Casey Oware GMT20231205-171339_Recording_separate1: So, which connects us directly to two core themes that we've [00:34:00] talked about today, right? Like if there's something I could have done, even if it went beautifully. There's always room for continuous improvement and we see that is a true belief held in entrepreneurial. I. Companies, right? That startup culture.

So I think that's really interesting. And then also back to, you know, the whole piece around you know, your professional growth and we've been talking about growth of the company. You're a very growth oriented organization, right? So, so it's really it makes sense for people to, to kind of. Decide, I'm going to be open and curious not only about what others could do or could have done, but what about me?

Right.

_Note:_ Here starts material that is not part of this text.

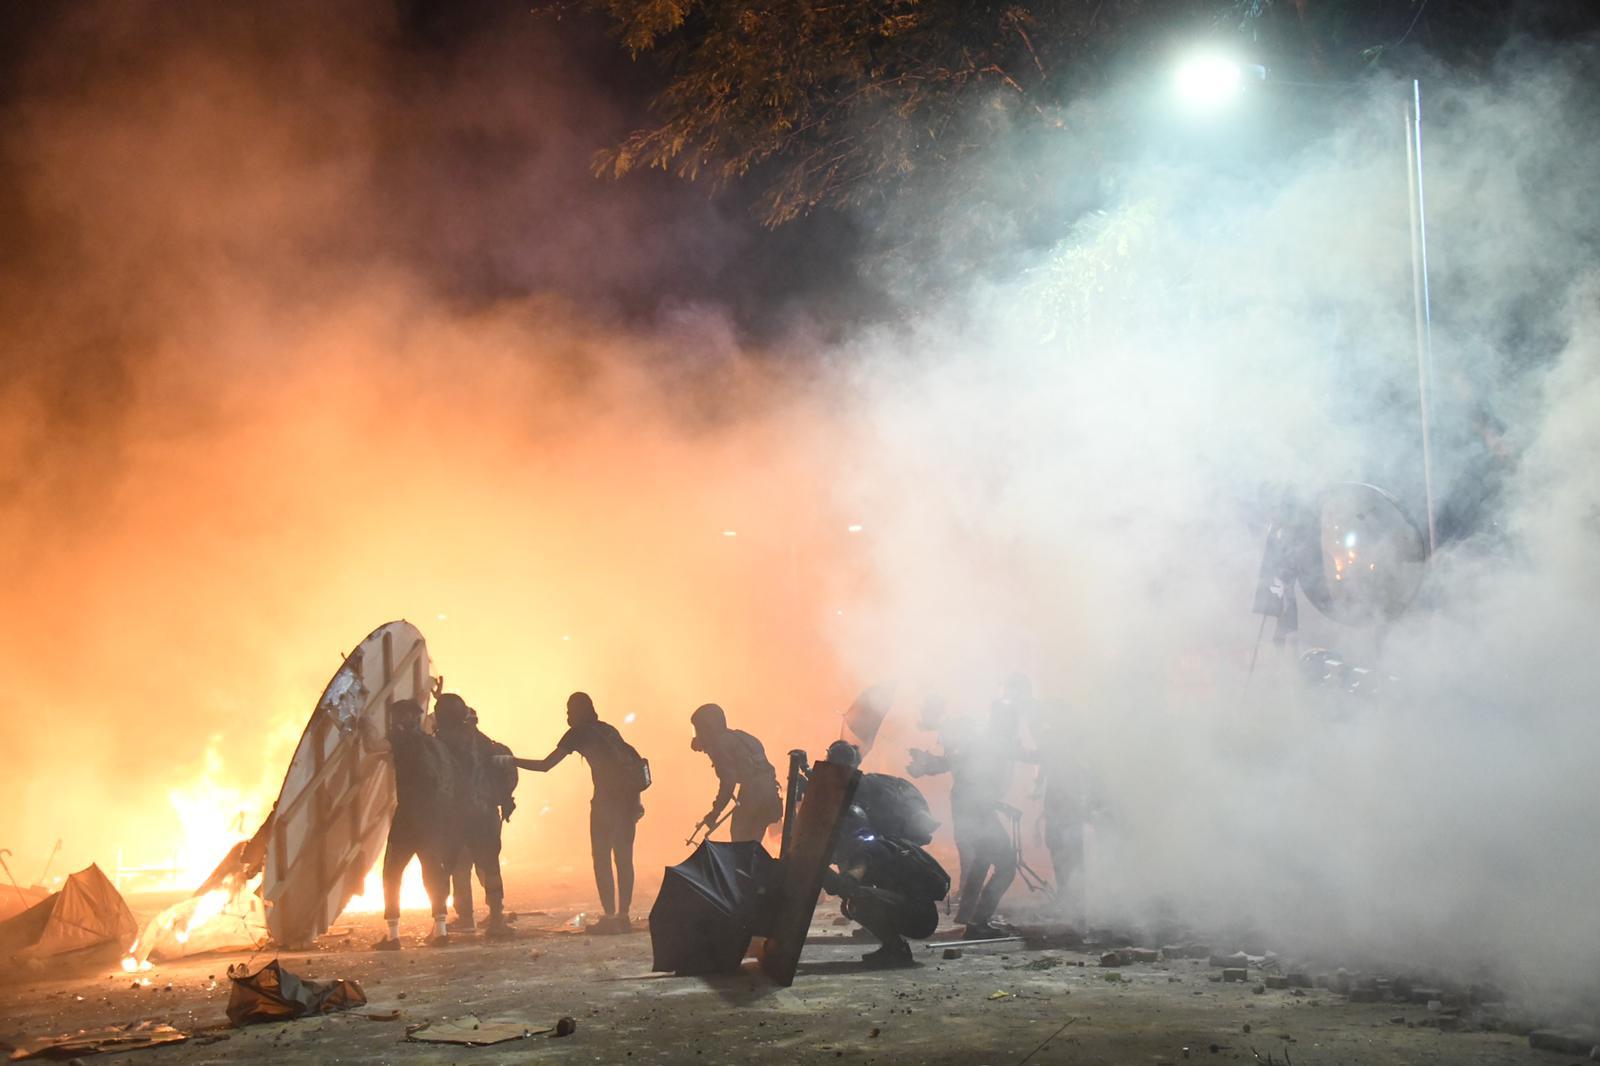 防暴警中大射橡胶子弹催泪弹多人伤 有学生疑头部中弹倒地昏迷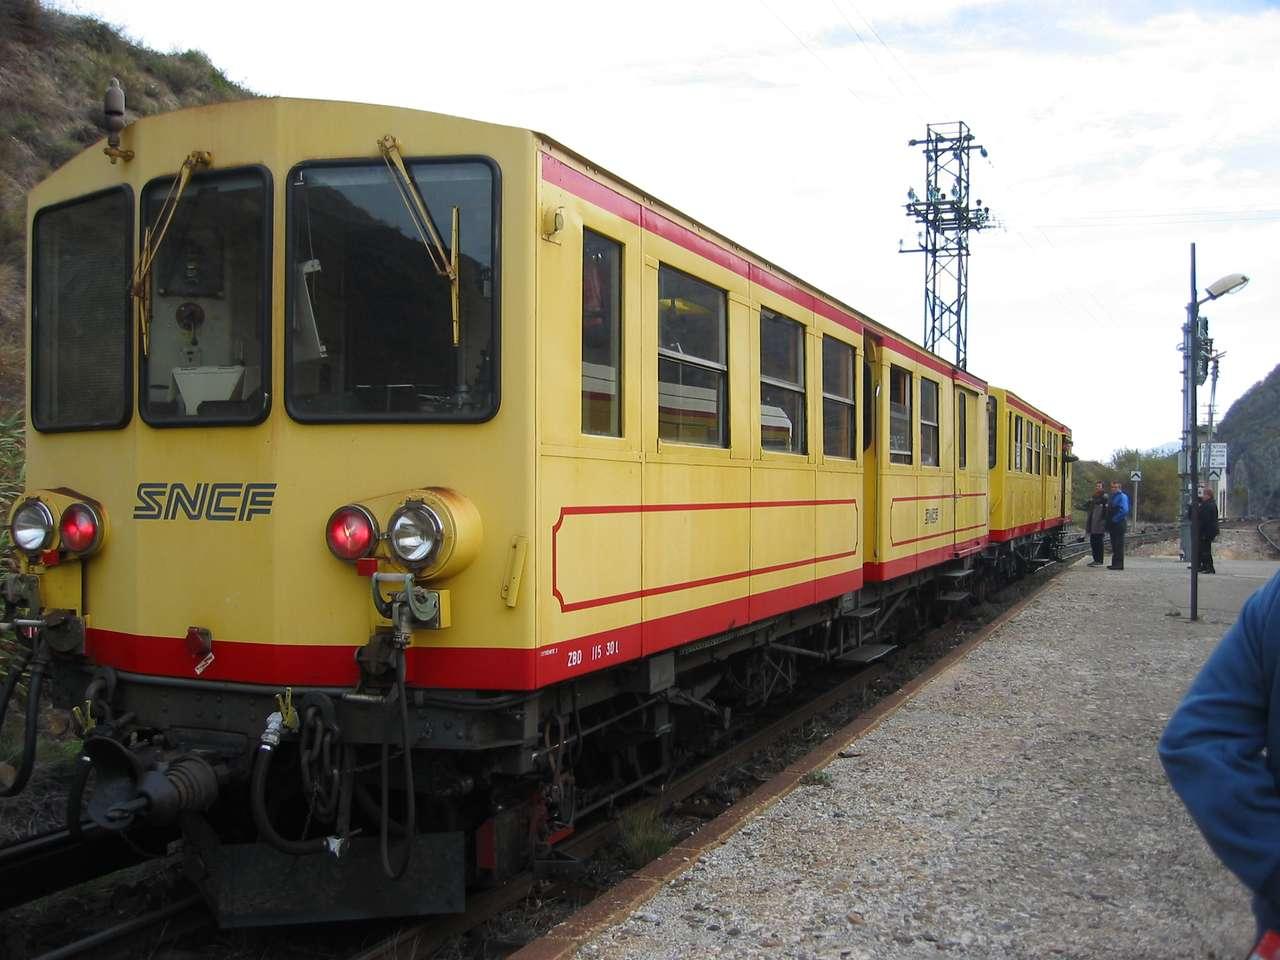 det gula tåget - det gula tåget i Cerdanya (12×9)

So being more inter inter looking as well as outer.

Casey Oware GMT20231205-171339_Recording_separate5: I think if you have a couple key members that think that way, any department can go anywhere.

Casey Oware GMT20231205-171339_Recording_separate1: Yeah. Yeah. Beautiful. Well, thank you so much, Casey. This has been a really great conversation. I've really, really enjoyed discussing with you all of the different themes from recruitment to [00:35:00] Rubik's Cubes and, and startup culture. Thank you very much for coming on the show.

Casey Oware GMT20231205-171339_Recording_separate5: Thank you, Lisa. It was an absolute pleasure.